Multi - Strategy has beaten the bench - mark consistently
The multi-Strategy can yield moderate return over a period of 3 to 5 years. This is apt for investors who do not like to see much “draw-down” in their portfolio. The strategy is likely to steadily grow and perform better on longer durations of more than 3-5 years.
Key-holdings in the Multi-Strategy are listed.
This strategy aims at investing and holding largely high growth stocks without any sector bias in all types of securities in the mid-cap & large-cap category for a long term, to generate superior returns.
EquiGrow - Strategy has beaten the bench - mark consistently
EquiGrow strategy aims for better returns than Multi-Strategy but during bearish cycles the draw-down can be more than that of the Multi-Strategy as it is higher on the risk-return spectrum. This is apt for an investor who is ready to take moderate risk and aim for better return.
It is the latest offering from PL-PMS and it emphases on long term opportunities for wealth creation. Holdings in this strategy range across sectors but are largely hovering around the themes of consumption and strong brand franchises. This strategy is looking to buy businesses either in their early growth phase or those that are expected to turnaround due to favourable business environment. This strategy also considers strong businesses that are encountering temporary slowdown (i.e. Good business facing temporary turbulence). Strong managements, promising growth opportunities and clean Balance sheets are some of the other traits that are looked into while selecting a stock. The entire focus in this scheme is to leverage PL years of understanding on various small cap companies and also use the domain expertise of PL strong bench of Research Analysts. This helps in better filters and also enhances the chances of entering a stock in its early stages of growth.

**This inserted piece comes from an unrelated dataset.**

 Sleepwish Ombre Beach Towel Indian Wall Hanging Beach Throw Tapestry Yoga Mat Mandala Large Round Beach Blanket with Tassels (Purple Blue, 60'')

Fortune- Strategy is less than one year since launch
Key holdings in Fortune-Strategy are listed
Patient investors who can await for the re-ratings/turn-around/new-ideas to get recognized, with 3 to 5 years time horizon can invest in this Strategy. The investment caters to 14 different ideas (Shift from un-organized to organized players, Capacity utilization improvement, Good Businesses facing temporary head-winds, Suppliers to consumer franchisees etc.) These ideas are expected to yield higher returns than other strategies over the medium to long term.
The sector-diversification is optimum; however the numbers of stocks are restricted to less than 25 stocks at any given time as per the process laid-down by the PL-PMS team.

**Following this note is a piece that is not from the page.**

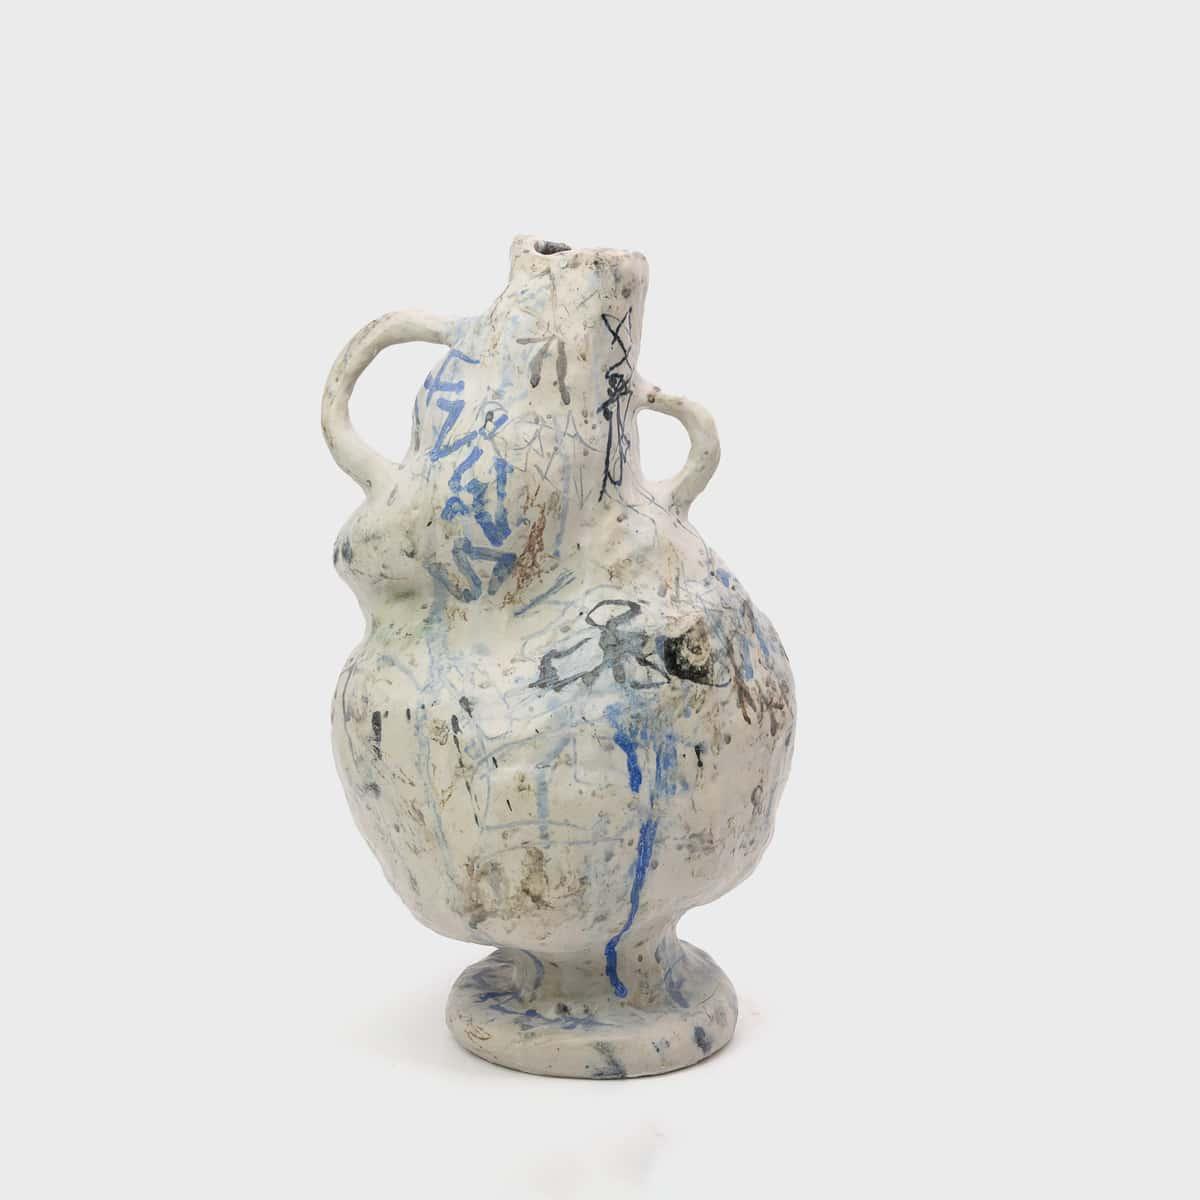 Philip Hedegaard Graffiti Vase

Fortune Strategy launched on 20-July-2017 has just completed one-year. Though the strategy has broadly performed in-line with its benchmark the fundamental parameters are intact with holdings with solid balance sheets, negligible debt or net cash on balance sheets, expected pick-up in strong earnings growth over the medium term. PL-PMS opines that re-rating is likely to occur anytime and investors with an investment horizon of 3 or more years will be rewarded suitably. The PMS-bazaar research team critically analyzed the holdings and opines that the underlying stocks are likely to become multi-baggers.
Fortune (Small cap) Strategy is suitable for those looking at higher returns and having a higher risk appetite with an investment horizon of 3 to5 years.
Multi-Strategy is suitable for investors with lower risk appetite with minimal draw-downs. The Strategy is likely to grow steadily with consistency in returns.
Equigrow Strategy is higher on the risk-return spectrum vis-à-vis Multi Strategy with higher allocations towards midcaps.
If you align expectations with reality you will never be disappointed – Terrell Owens.